2. The Sabres finished Thursday’s game with 26 blocked shots. Conor Timmins and Tyson Kozak tied for the team lead with five each, and 12 different players blocked a shot. The biggest block came from Jordan Greenway, who sold out late in the third period to keep the game-tying goal off the board. This road trip started with three straight losses, including a frustrating game in Calgary. And in this game, they were without Jason Zucker (upper and lower body), Josh Norris (illness/soreness), Alex Tuch (illness), and the team still showed the desperate style of play they’ve been looking for.

“When it came down to it, we did everything we could,” Dahlin. “It was a lot of sacrifice and a hell of a third period. But we can do better. For us right now, it’s must-wins. Maybe it’s a mental thing. Today was unbelievable. I couldn’t even count how many blocked shots.”

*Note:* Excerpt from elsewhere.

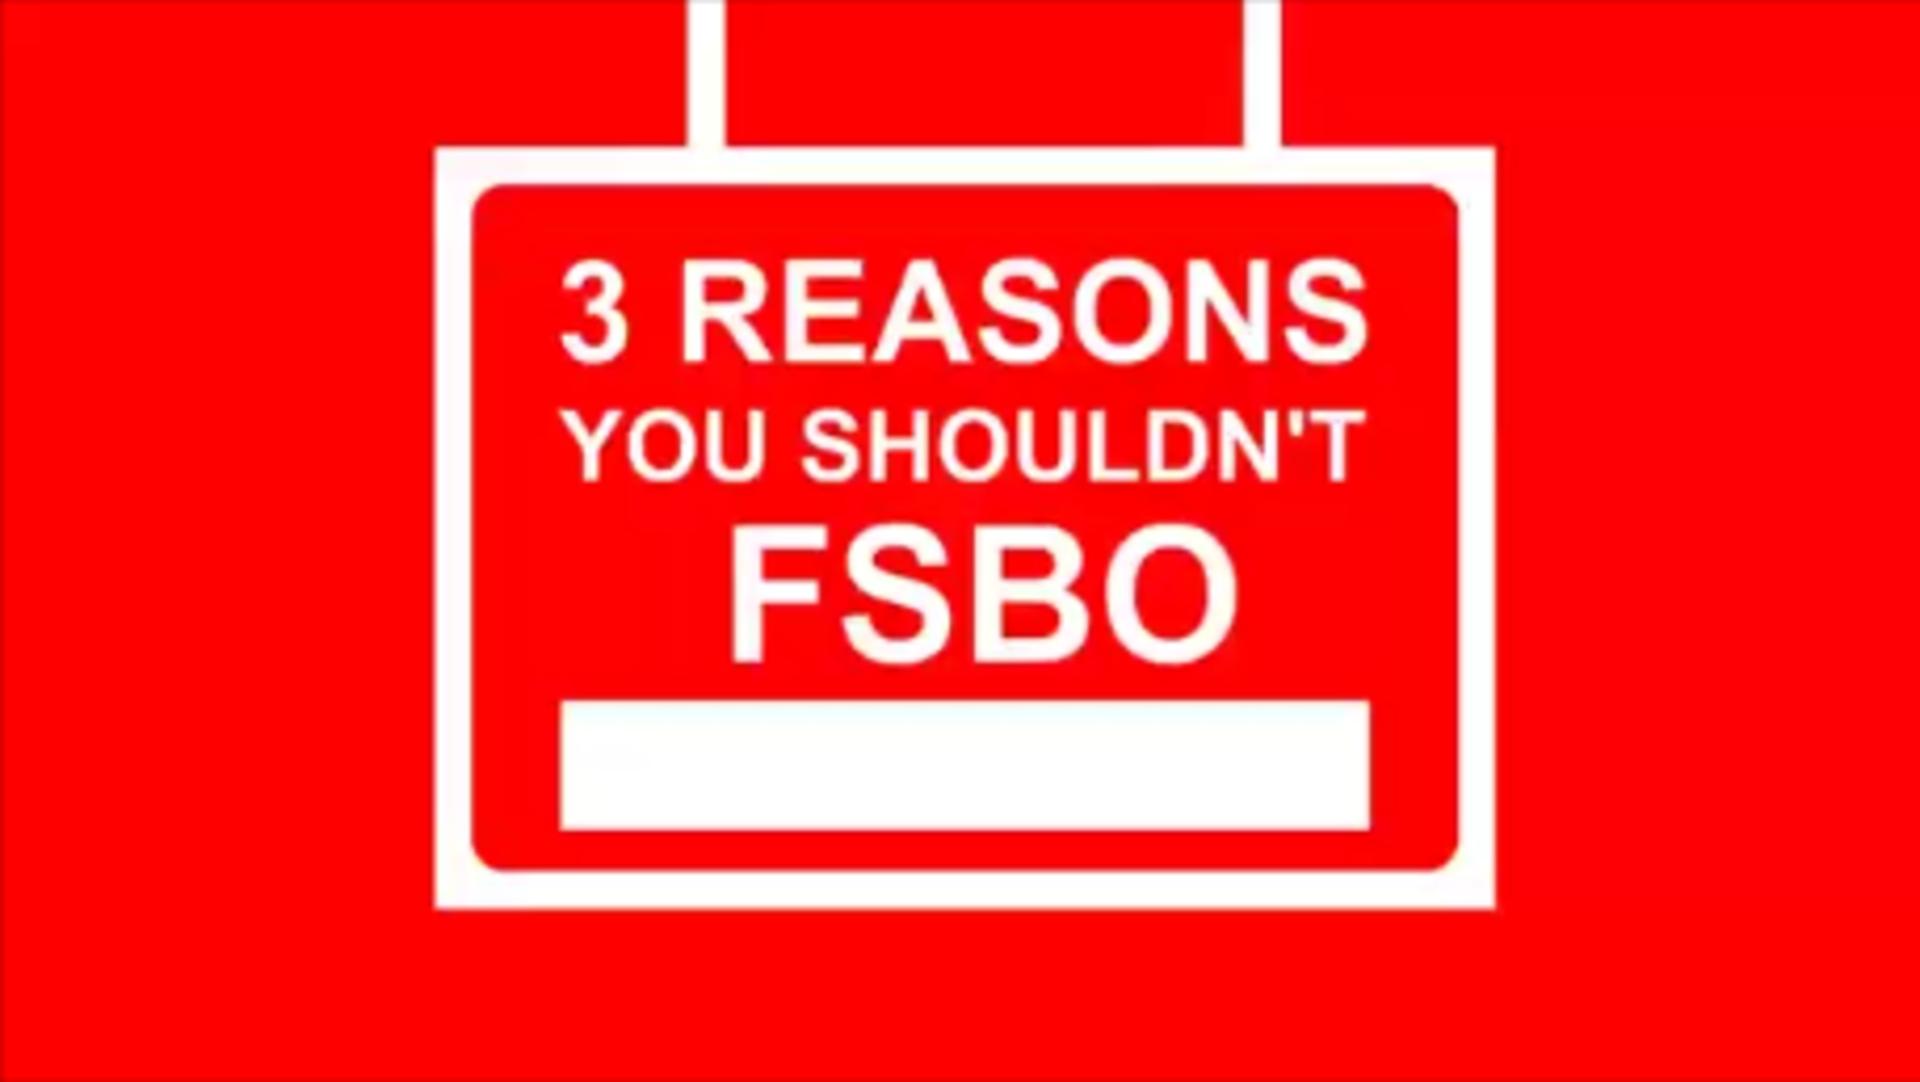 3 Reasons You Shouldn't FSBO

3. Trevor Kuntar made his NHL debut because Tuch missed the game with an illness. Kuntar, a 24-year-old third-round pick of the Boston Bruins, signed an AHL deal with the Sabres organization over the summer. This week, the team decided to sign the Buffalo native to a one-year, two-way contract and call him up to the NHL roster. He had a hectic travel day Wednesday, taking a three-hour car ride from Belleville, Ont., to Toronto for a flight to Vancouver that arrived at midnight PT. That didn’t stop him from playing with a ton of tenacity in roughly five minutes of ice time in a fourth-line role.

ROOKIE LAP ALERT‼️

Welcome to the @NHL, Trevor Kuntar!#LetsGoBuffalo | @DYouville pic.twitter.com/UOuesXGOdj

— Buffalo Sabres (@BuffaloSabres) December 12, 2025

“I liked his shifts,” Ruff said. “He finished bodies hard. He competed hard on the puck. A lot of times, winning on the road isn’t about skill. It’s about the real hard compete. Every time I put him on the ice, the compete was good.”